Die Sorge ist unberechtigt, denn wir sind doch recht schnell durch und noch viele Leute sind hinter uns. Sehr viele Leute um genau zu sein. Die Koffer sind weg und ich verabschiede mich von unserem Gepäck, ohne zu wissen, ob wir es jemals wieder sehen würden. Für den Notfall haben wir ein paar Sachen im Handgepäck. Ein T-Shirt, eine kurze Hose und eine Unterhose zum Wechseln (ach, sowas macht man?). Wir gehen zum Ende der Schlange vor der Sicherheitskontrolle. Zumindest denken wir, dass das was wir sehen, das Ende der Schlange ist. Doch statt der rund zwanzig Meter, die wir vermutet haben, geht diese Schlange einmal durch das ganze Terminal. Ich weiß nicht, wie viele Menschen vor uns sind, aber ich glaube mit 1.500 bin ich schon recht nah dran. Und das Beste ist, es geht überhaupt nicht vorwärts. Angesichts der Tatsache, dass in rund einer Stunde der Flieger geht, ist die Stimmung nicht nur beim Hasen angespannt.
„Was, wenn wir es nicht schaffen?“, fragt der Hase und ich sage: „Natürlich schaffen wir es.“ Und ich denke: „Was, wenn wir es wirklich nicht schaffen?“ Da sogar unsere Kinder schon ein wenig mit der Situation hadern, und das tun sie so schnell nicht, versuche ich die größtmögliche Sicherheit auszustrahlen. Im Inneren schiebe ich Panik und möchte losstürmen und sagen: „Lassen Sie mich durch, ich bin Arzt!“ Aber nachher gibt´s einen medizinischen Notfall und ich möchte niemanden versehentlich ins Jenseits befördern. In diesem Moment geht ein Ruck durch die Schlange und haben wir für die ersten Meter noch gut 10 Minuten gebraucht, so sprinten wir beinahe mit einem Mal durch das Terminal. Der sichtbare Teil der Schlange geht irgendwann durch eine Tür durch und unsere Tochter, die hier schon mal losgeflogen ist, sagt, dass dahinter auch wieder diese Irrgartenabtrennung ist und uns noch viel Chaos erwartet.

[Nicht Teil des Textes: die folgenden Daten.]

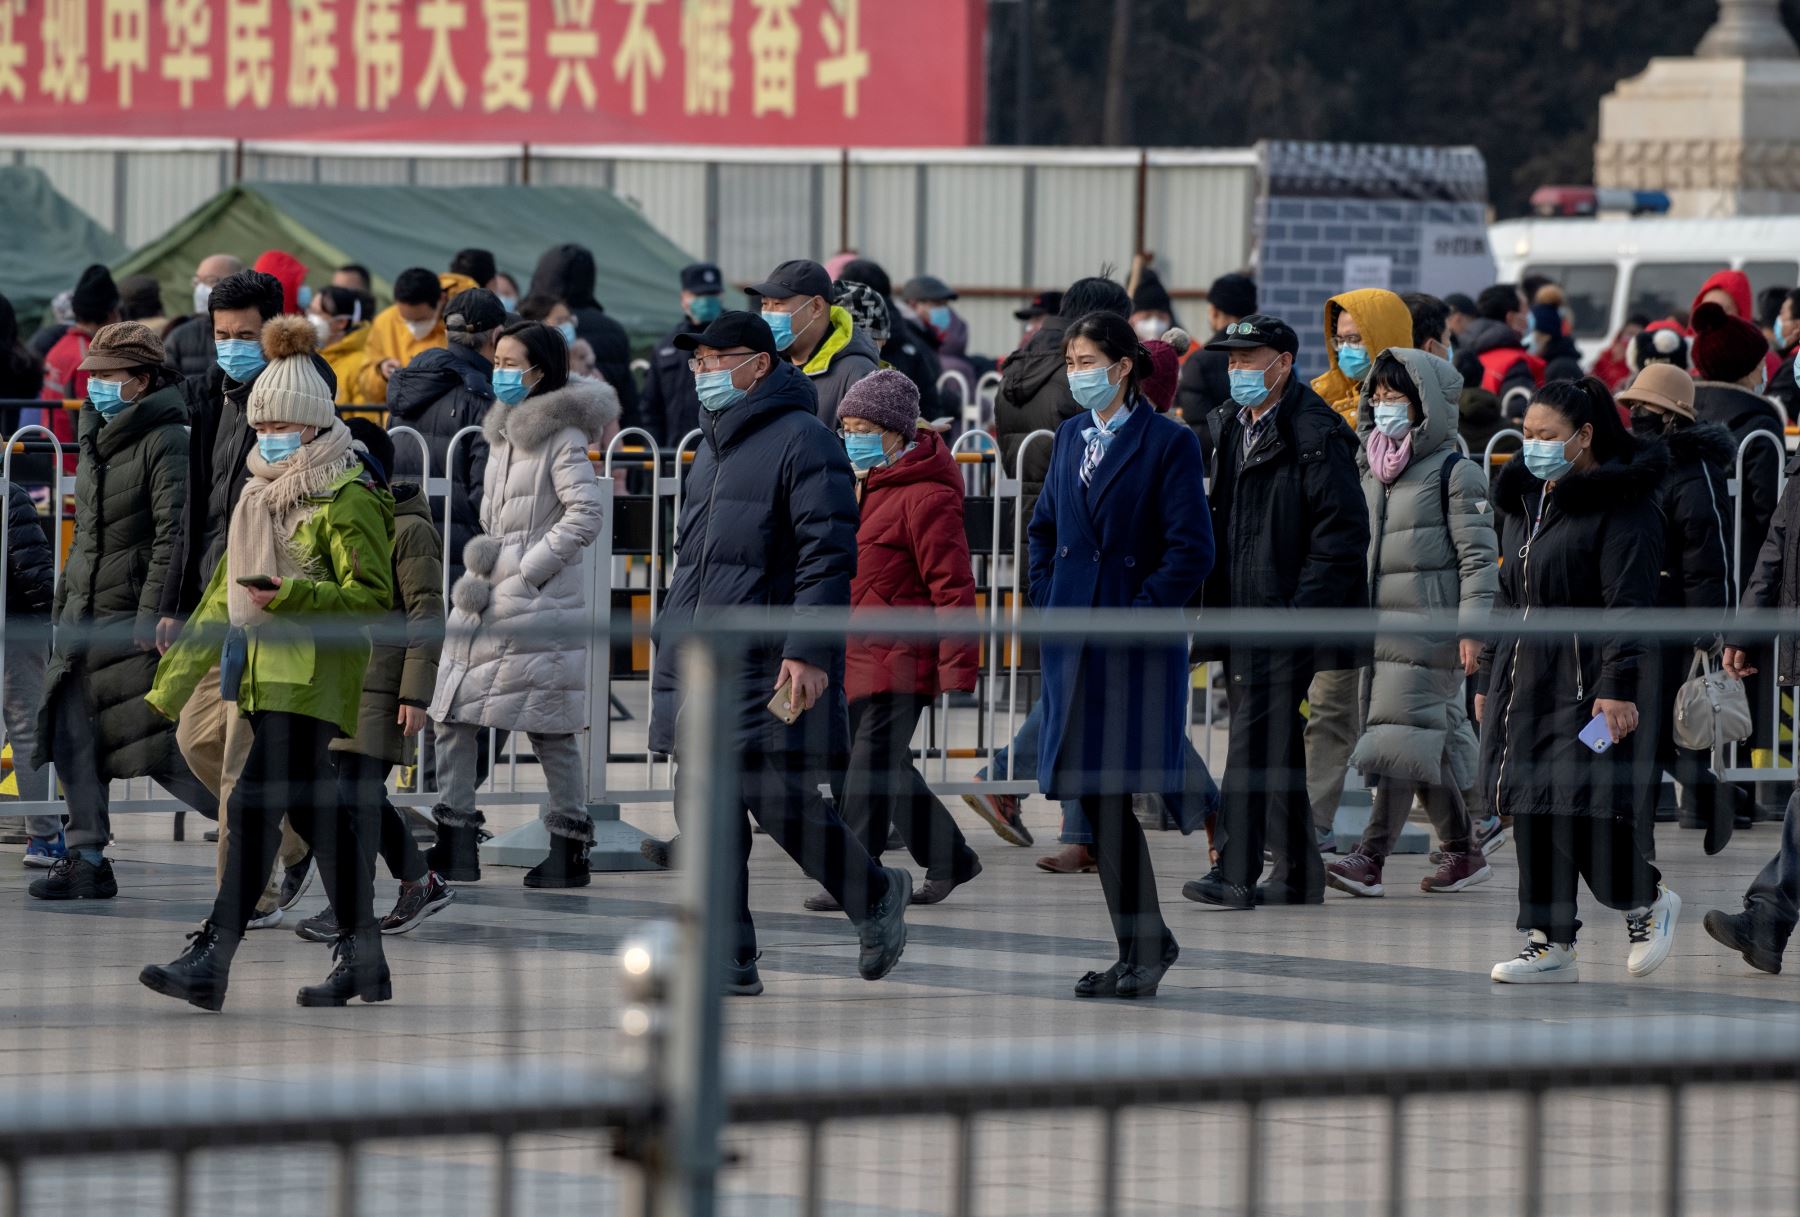 Shanghái registra cero contagios por primera vez desde el brote de covid-19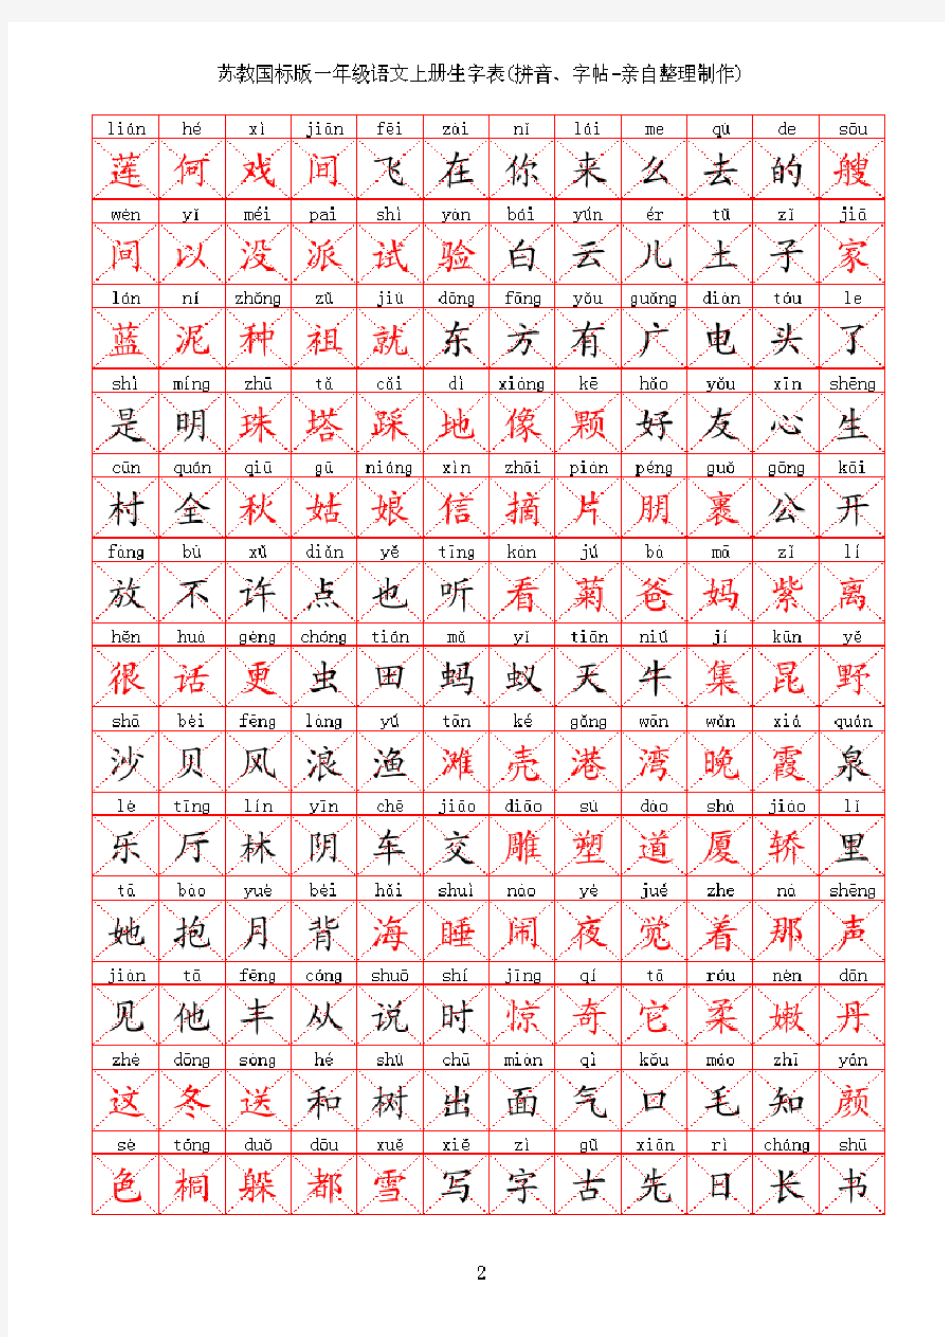 苏教版小学语文一年级生字表上下册拼音字帖亲自整理制作

„Ach, was Du immer hast“, sage ich und vermute, dass sie sich nicht richtig erinnert. Es hilft auch keinem weiter, jetzt unnötig Panik heranzutragen. Wir erreichen die Tür und ich blicke als Erster hindurch. Ein Ameisenhaufen ist eine Oase der Ruhe gegen das, was ich sehe. Überall Menschen in verschiedenen Schlangen. Dir Stimmung ist gereizt, Kinder weinen, alte Leute wissen nicht mehr weiter und manch einer kann sich mit Mühe beherrschen, um hier nicht lauthals loszuheulen. Ich bin der Mancheiner. „Wir werden es nicht schaffen“, sage ich. Wasser auf des Hasens Mühlen und die Kinder sind auch nicht gerade hoffnungsvoll.
Aber ich muss dem Personal mal meine Hochachtung aussprechen, denn wie durch Zauberei kriegen sie die Massen an Reisenden bewältigt und wir sind eine halbe Stunde vor Abflug an dem richtigen Gate. Das haben sie wirklich exzellent gemacht. Jetzt kann der Urlaub losgehen. Wir sind ebenso erschöpft wie glücklich und verdrängen die Tatsache, dass wir mal eben die Nacht durchgemacht haben. Wie in alten Zeiten, als man bis zum Morgengrauen auf Partys war. Nur konnte man sich danach hinlegen und schlafen. Das geht jetzt nicht. Aber es ist Urlaub. Wir werden das schon hinkriegen. Im Flieger sitzen wir jedenfalls schon und das ist ein enorm gutes Zeichen. Es wäre schön in diesem Zusammenhang, wenn er auch starten und landen würde und das möglichst unversehrt und möglichst mit uns an Bord.